| PROBLEM |
Would you repeat the data below exactly, taking out the images?

| DATA BLOCK |
········
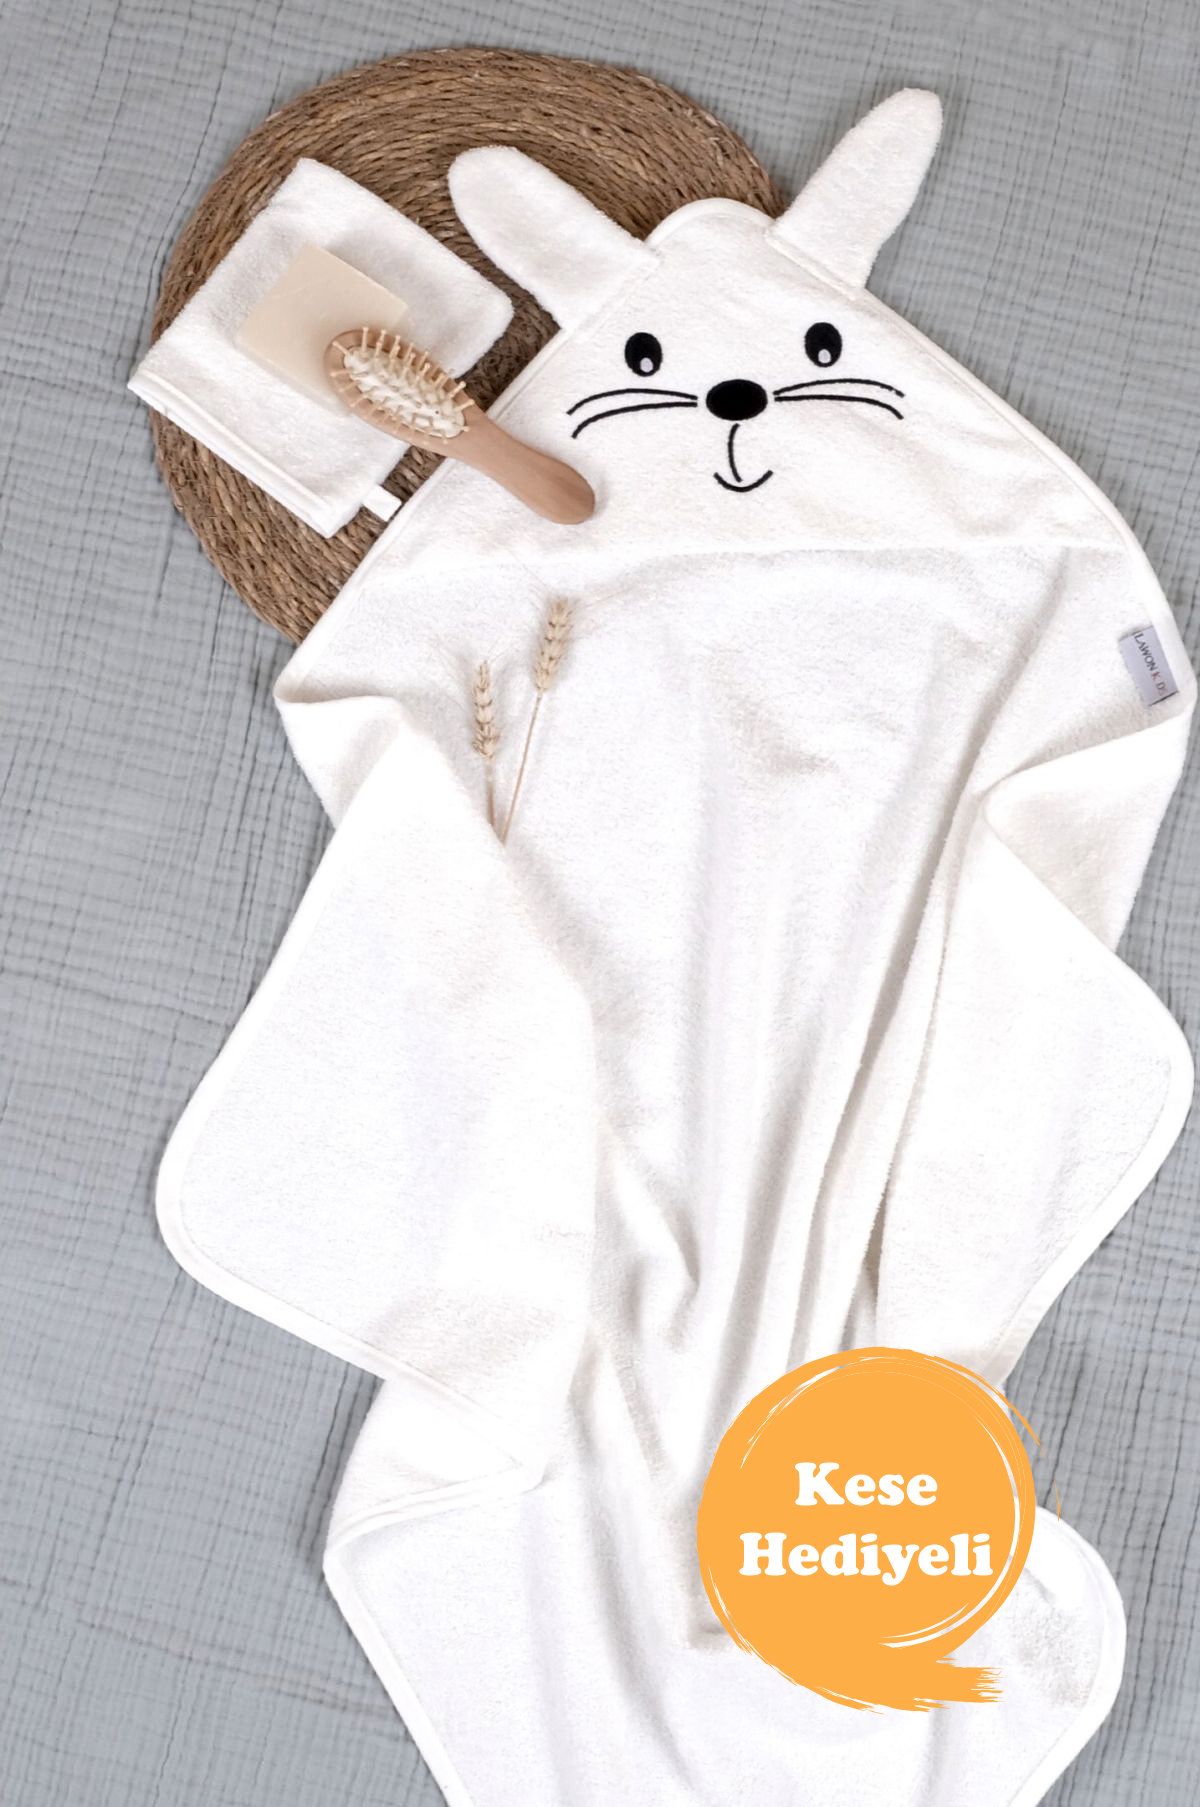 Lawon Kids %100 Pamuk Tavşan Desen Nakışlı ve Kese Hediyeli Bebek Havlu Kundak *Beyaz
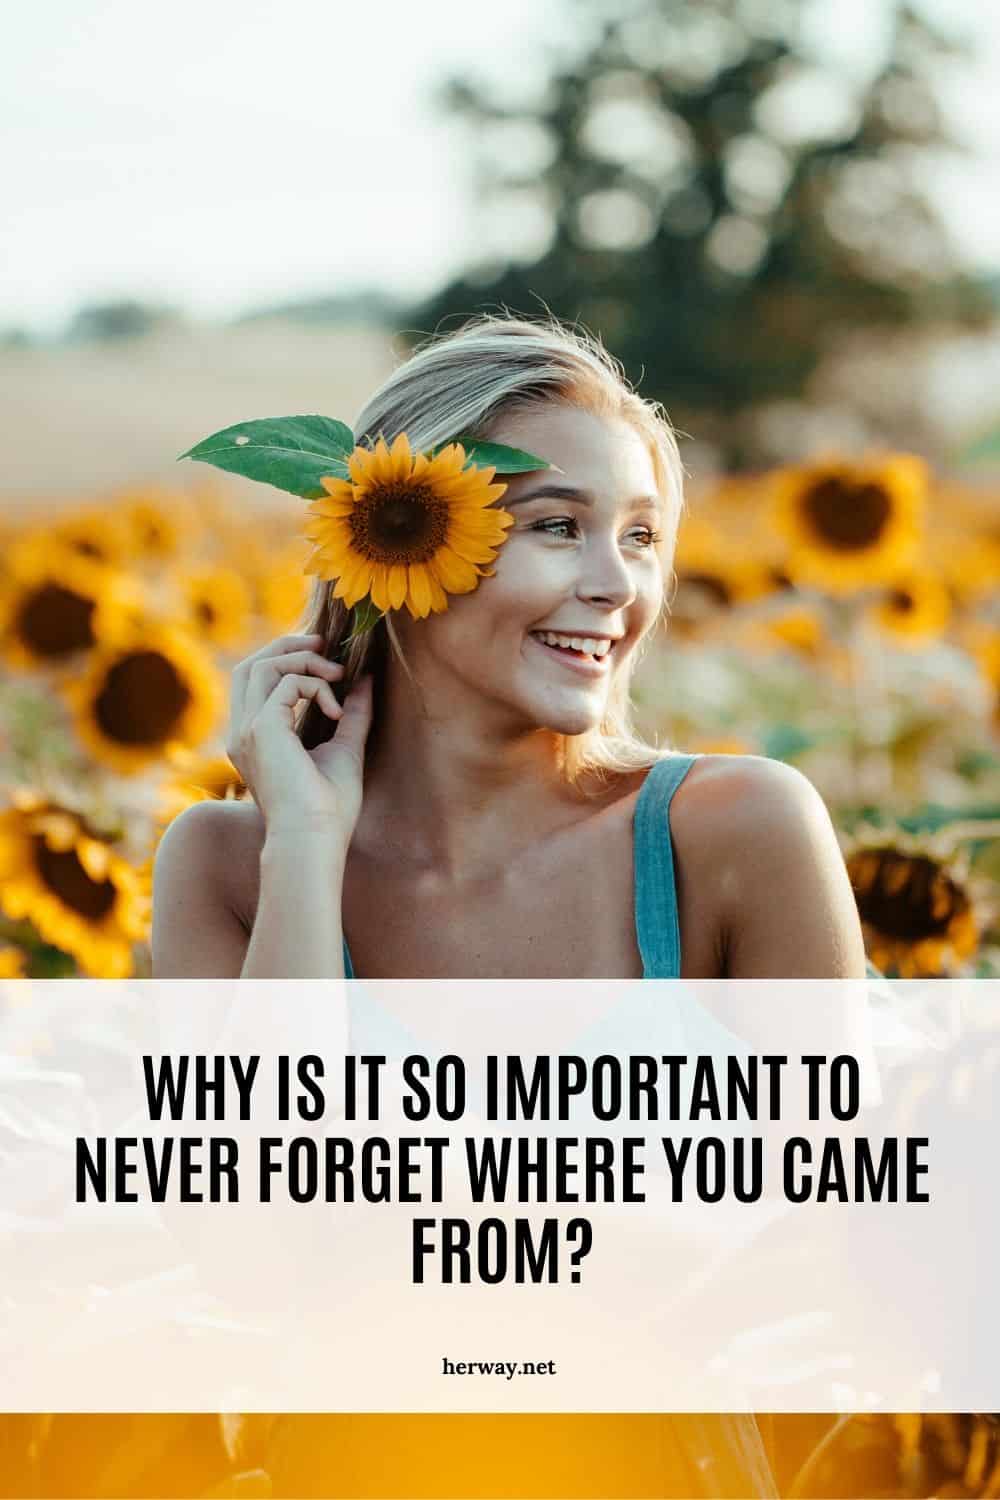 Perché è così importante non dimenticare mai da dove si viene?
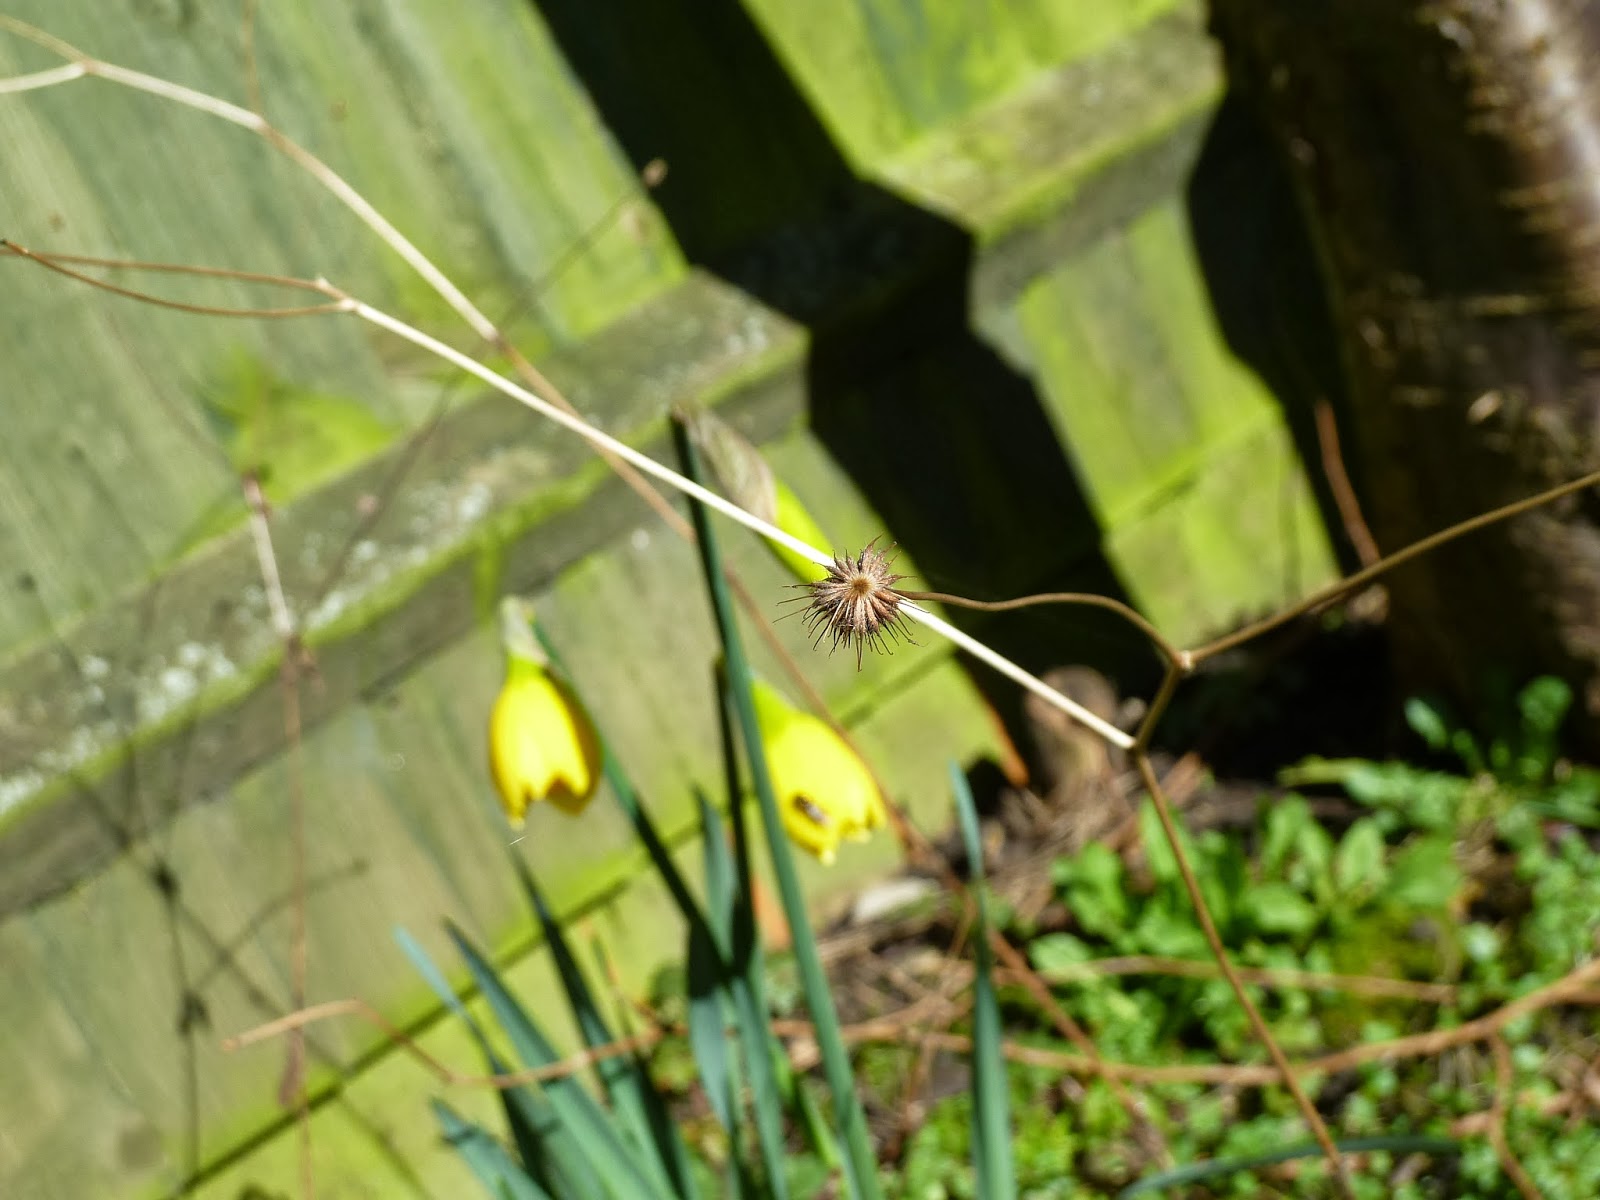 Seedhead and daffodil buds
········
| SOLUTION TO THE PROBLEM |
 Lawon Kids %100 Pamuk Tavşan Desen Nakışlı ve Kese Hediyeli Bebek Havlu Kundak *Beyaz
 Perché è così importante non dimenticare mai da dove si viene?
 Seedhead and daffodil buds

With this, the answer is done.